EXERCISE DATA →
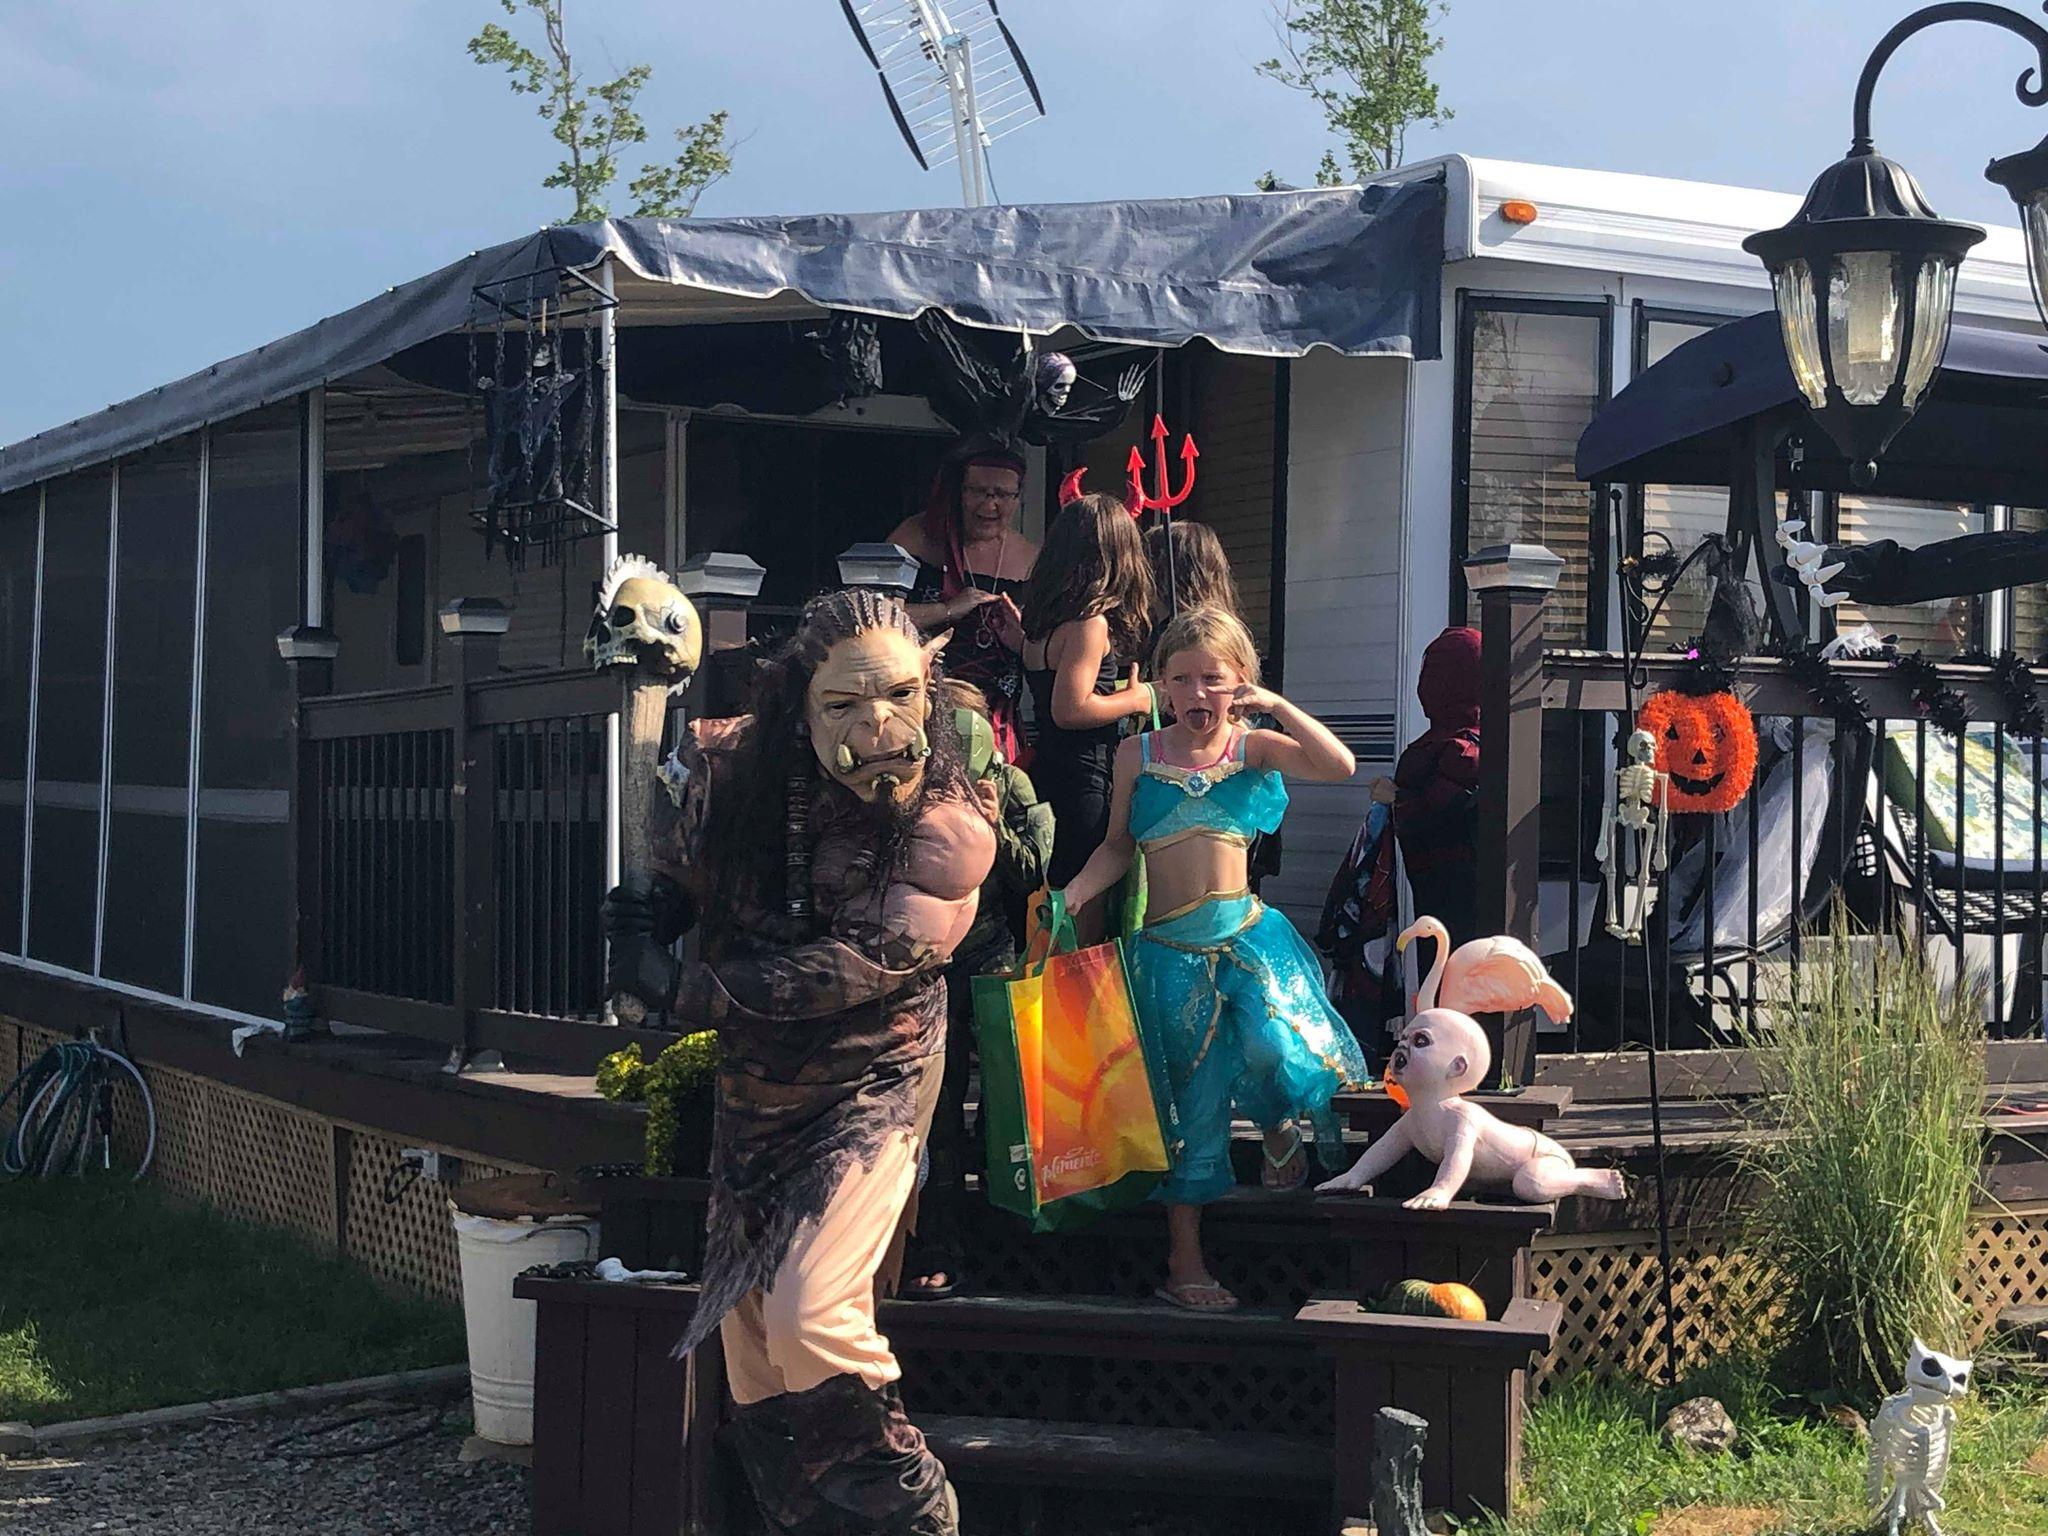 http://www.campingatlantide.com/wp-content/uploads/2019/07/halloween-complexe-atlantide-2019-15.jpg
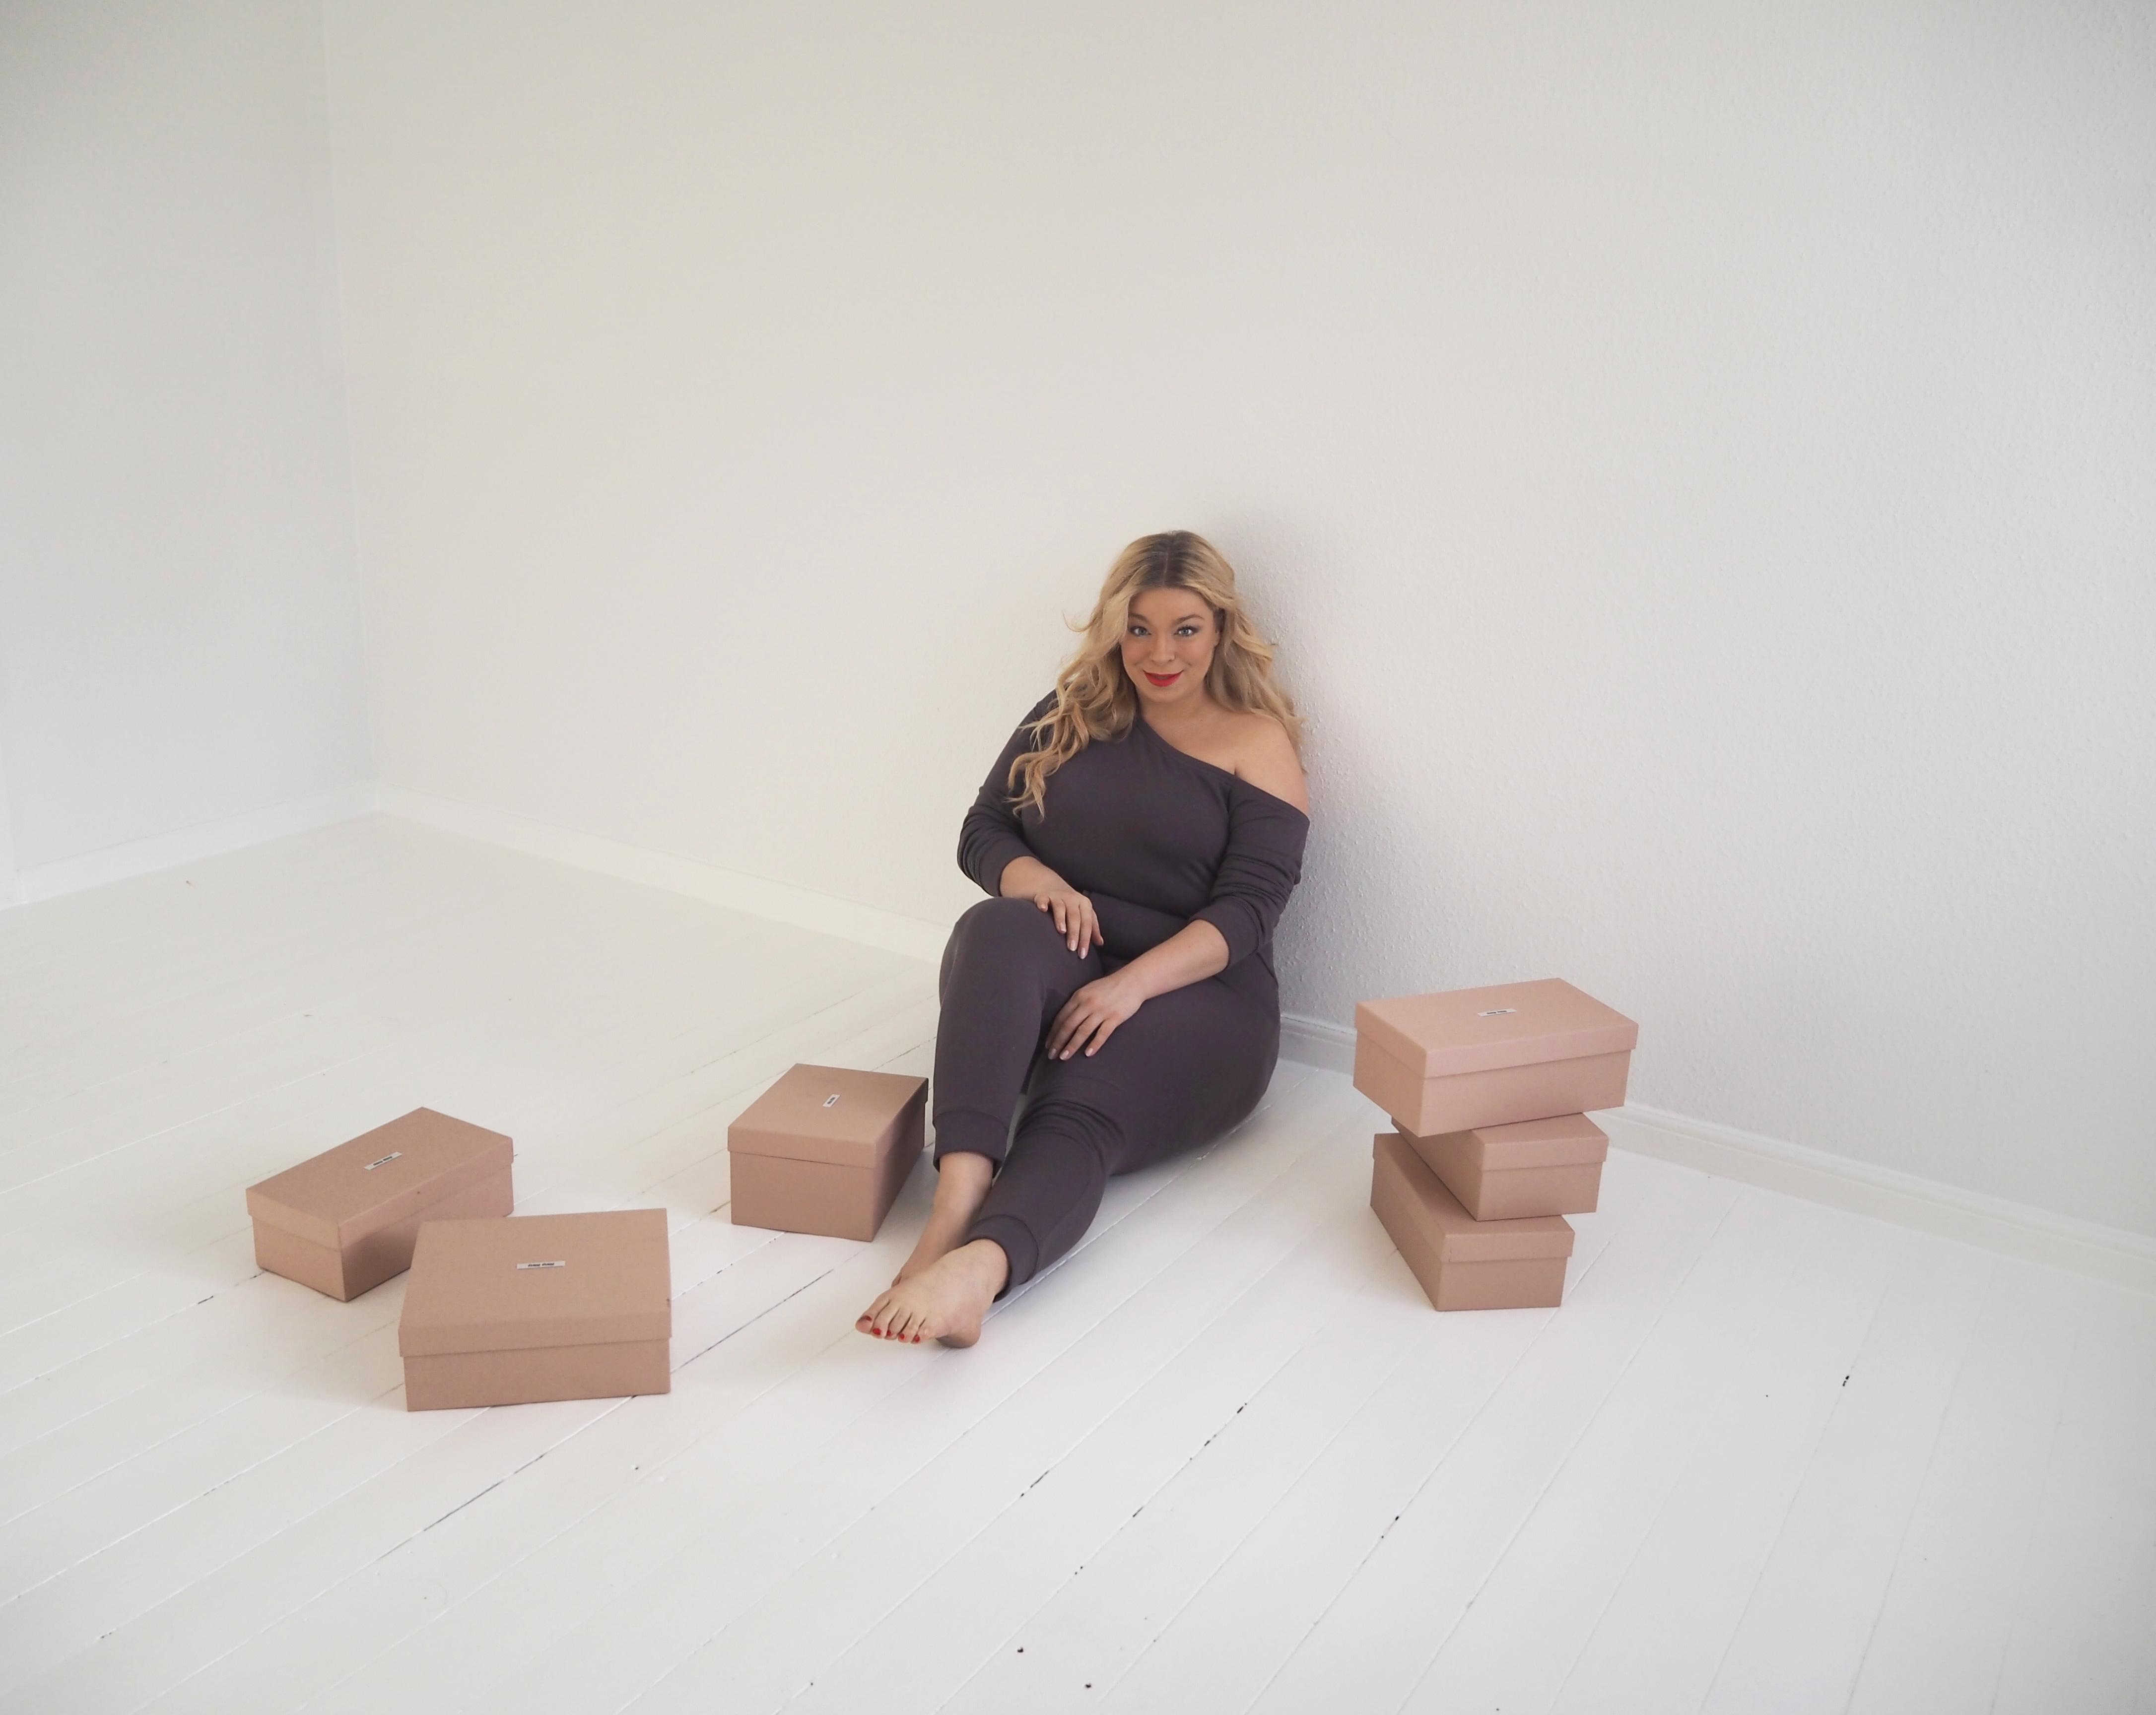 Caterina-megabambi-Homewear-plussize-curvy-Bloggerin
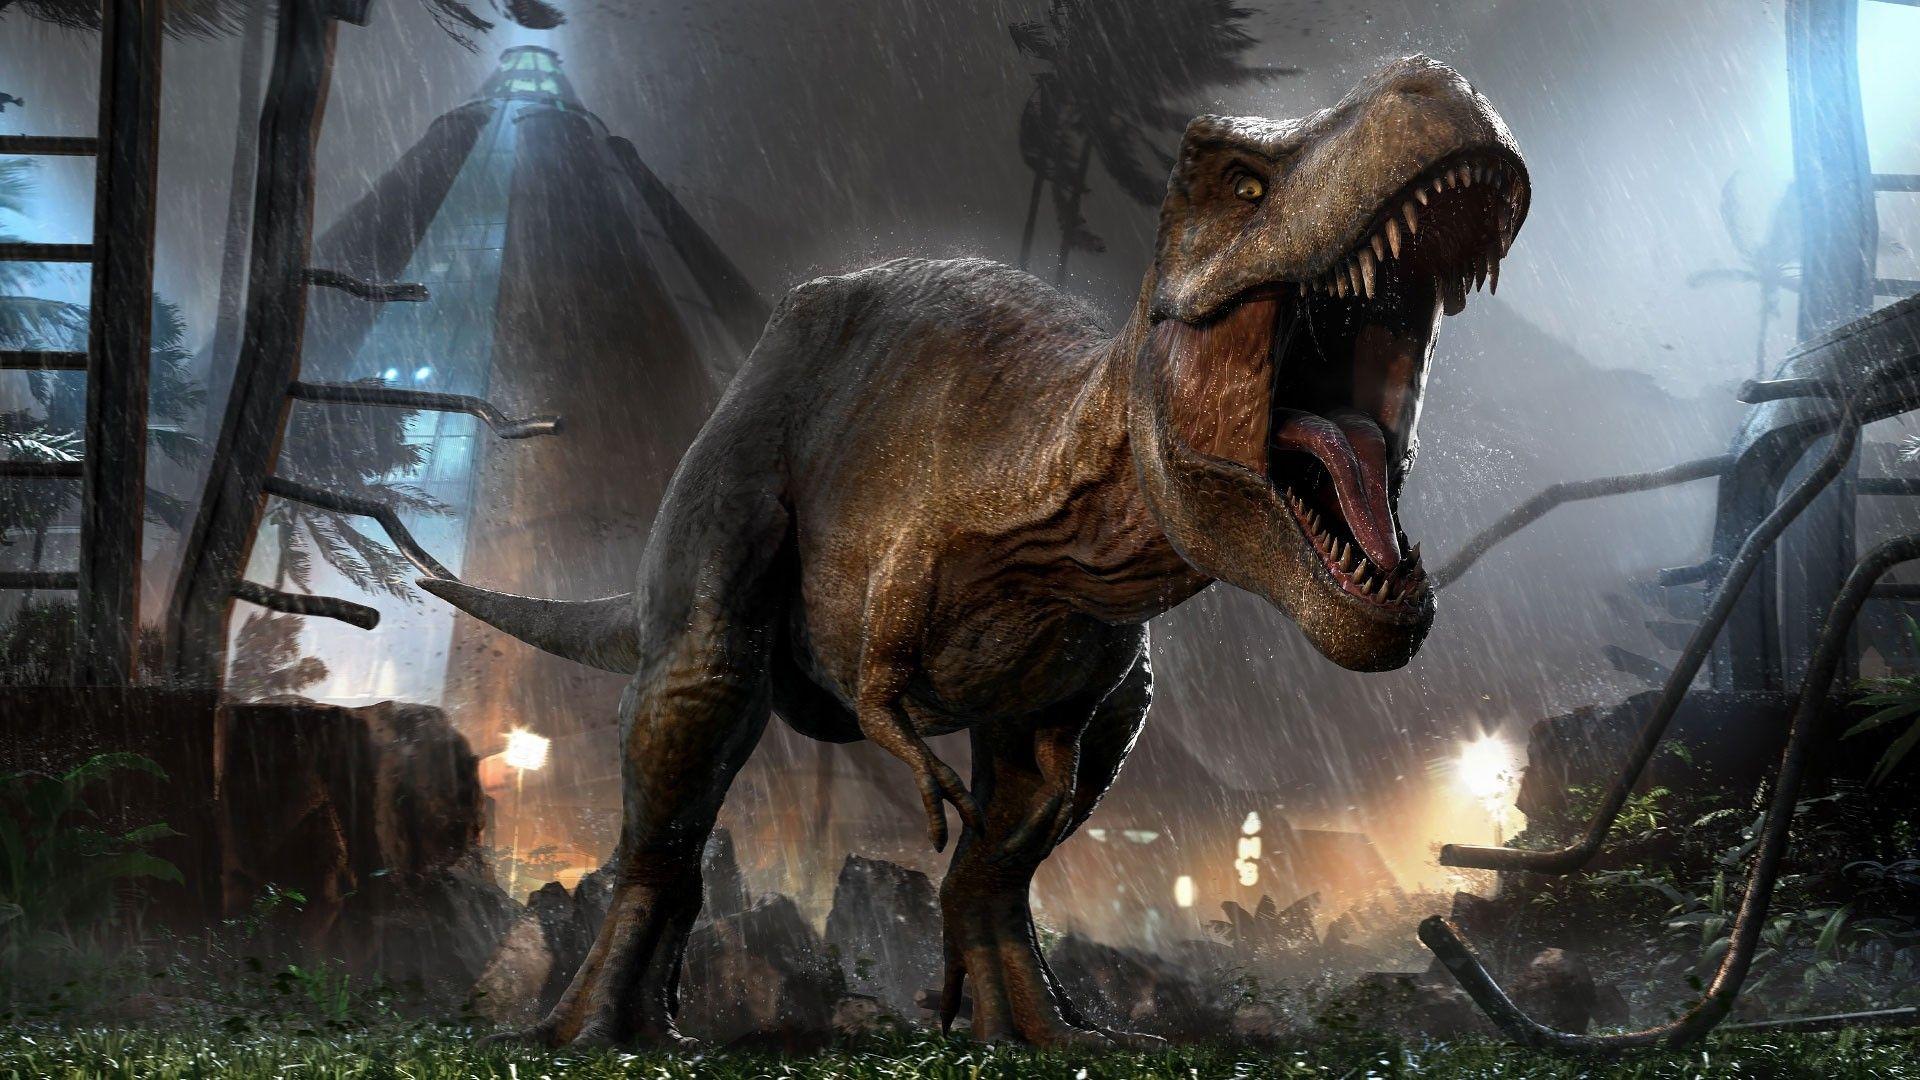 Official T-Rex Wallpaper (1920x1080) | Reddit HD Wallpapers

WHAT IS BEING ASKED →
A word-for-word transcription of the listing is needed, minus its images.

TASK RESPONSE →
 http://www.campingatlantide.com/wp-content/uploads/2019/07/halloween-complexe-atlantide-2019-15.jpg
 Caterina-megabambi-Homewear-plussize-curvy-Bloggerin
 Official T-Rex Wallpaper (1920x1080) | Reddit HD Wallpapers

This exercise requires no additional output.